= Beginning of Section =

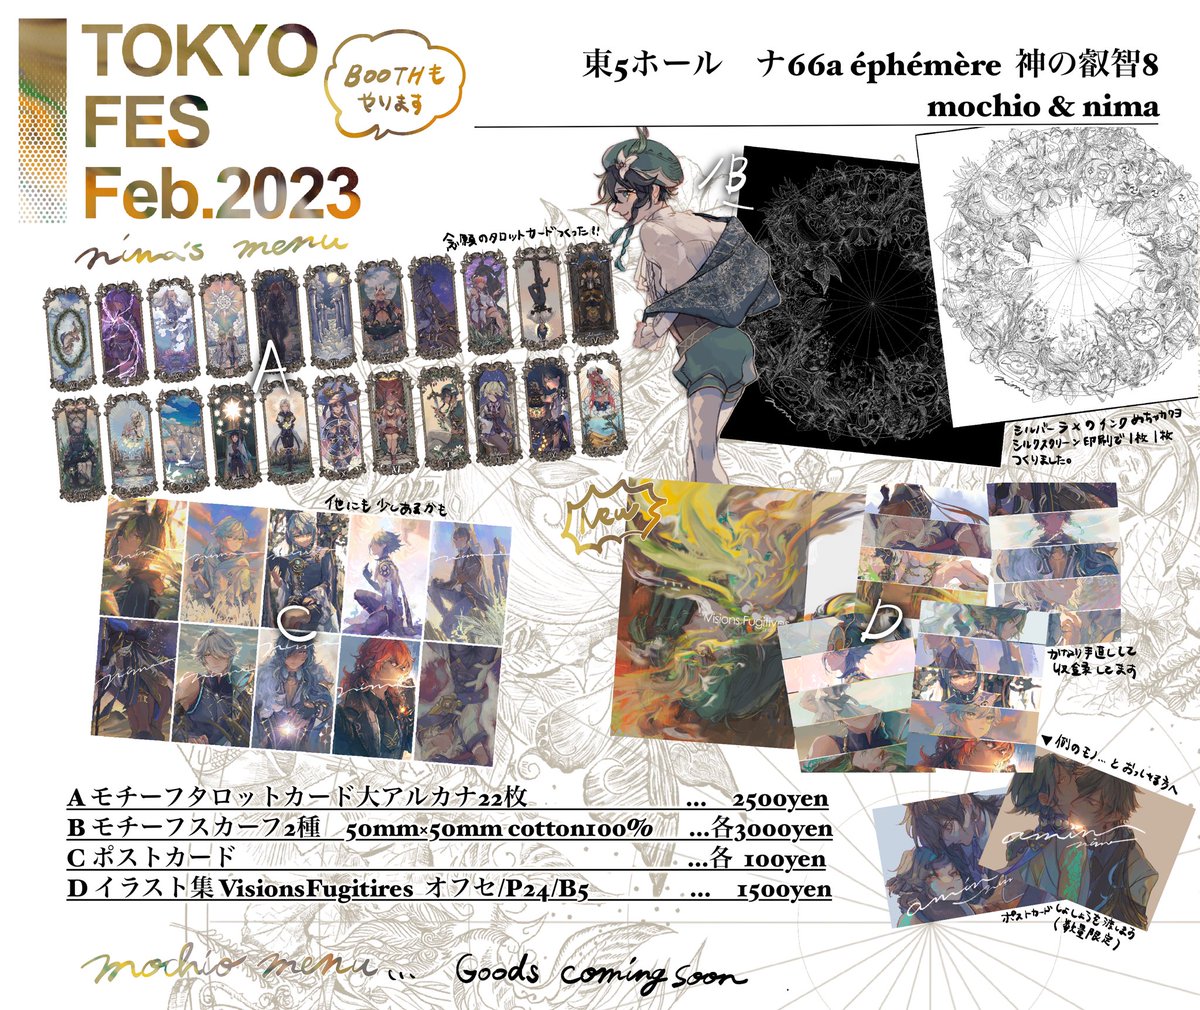 TOKYO FES Feb.2023 神の叡智8 2/12
東5ホール ナ66a  éphémère  
nima &mochio

もちおさん(@mocchiriiiii )と一緒に参加します!!
お品書きをどうぞ!

= End of Section =

> [TASK ITEM] Each entry above should be written out verbatim, minus its pictures.

> [TASK OUTPUT]
 TOKYO FES Feb.2023 神の叡智8 2/12
東5ホール ナ66a  éphémère  
nima &mochio

もちおさん(@mocchiriiiii )と一緒に参加します!!
お品書きをどうぞ!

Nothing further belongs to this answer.